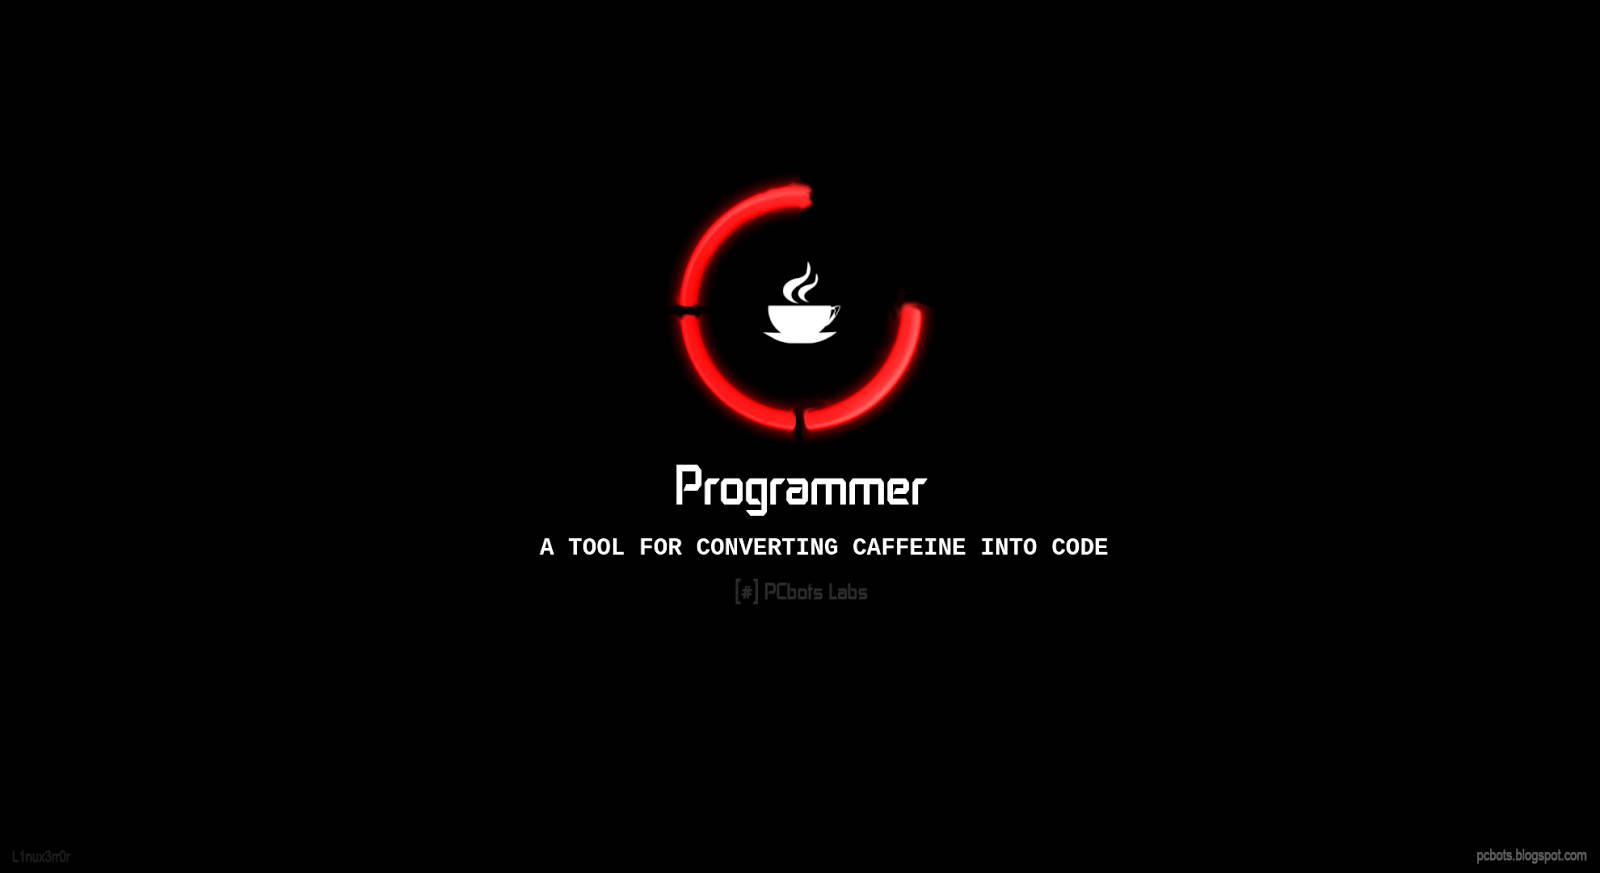 4k Programming Java Script Logo Wallpaper
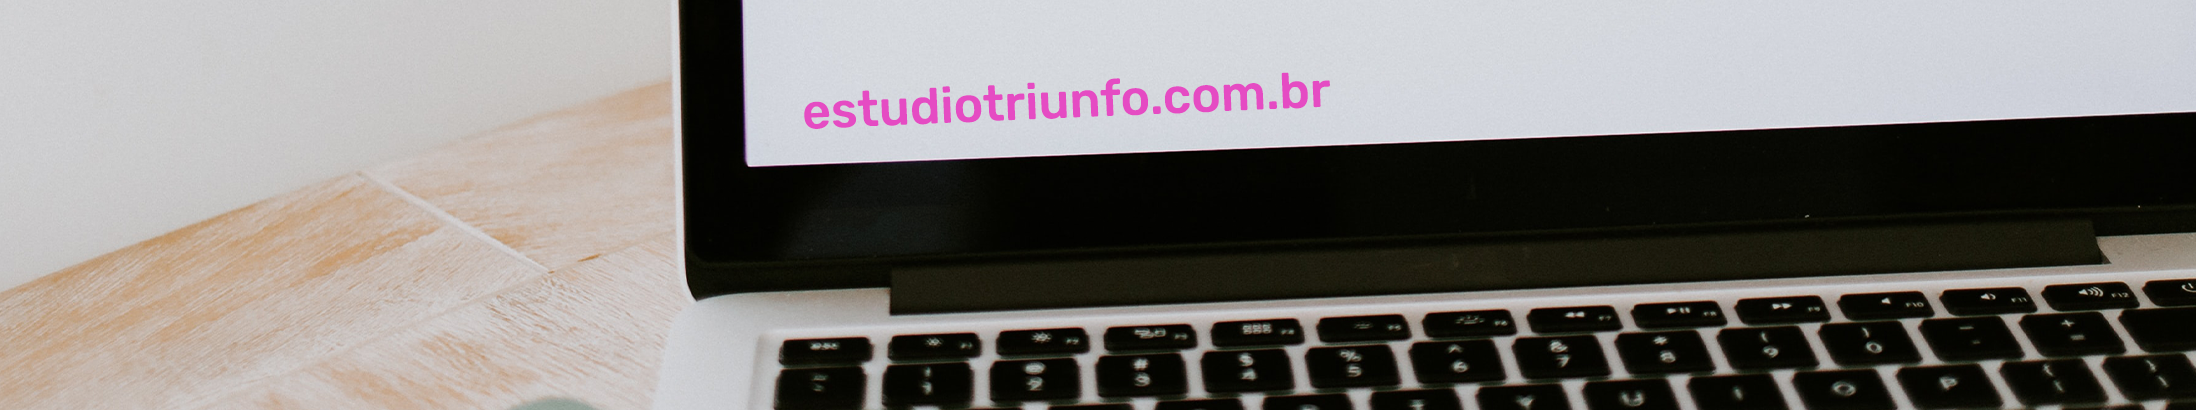 Triunfo Estudio Digital's profile banner
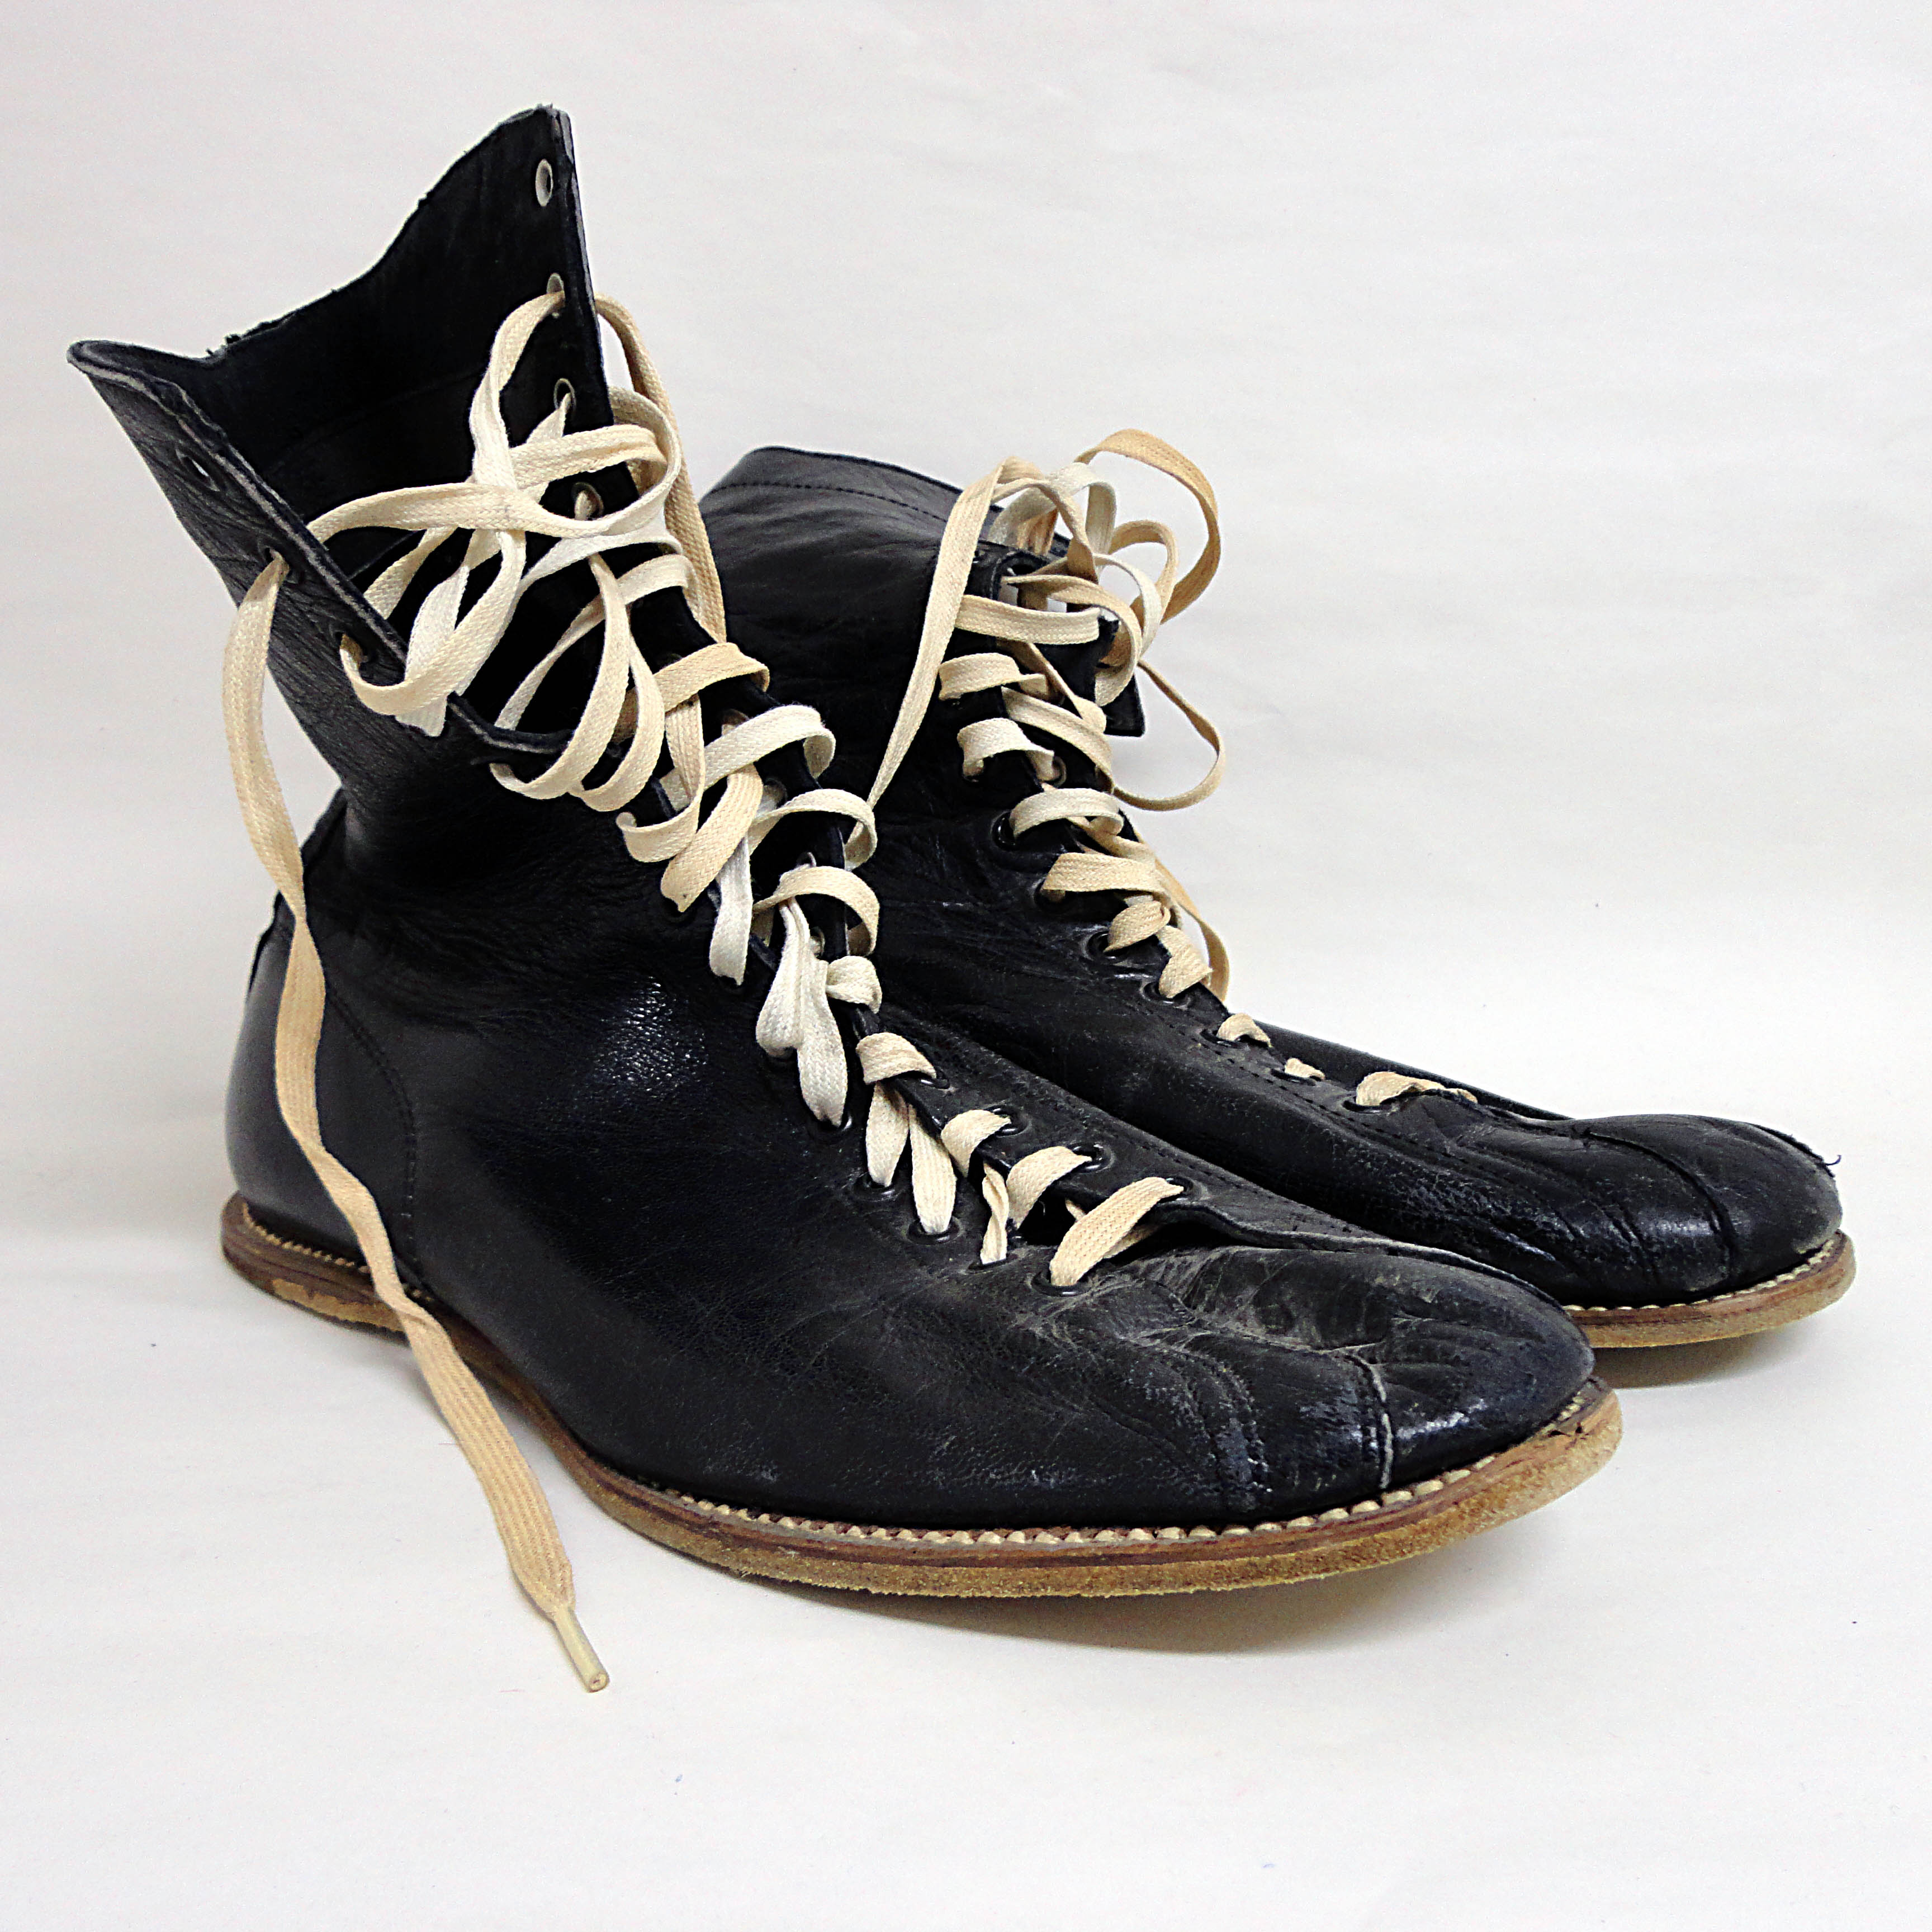 Boxing Shoes Vintage Boxing Head Quarter | estudioespositoymiguel.com.ar

■ TRY IT ■
Every line above is to be returned exactly, with its pictures removed.

■ WRITTEN ANSWER ■
 4k Programming Java Script Logo Wallpaper
 Triunfo Estudio Digital's profile banner
 Boxing Shoes Vintage Boxing Head Quarter | estudioespositoymiguel.com.ar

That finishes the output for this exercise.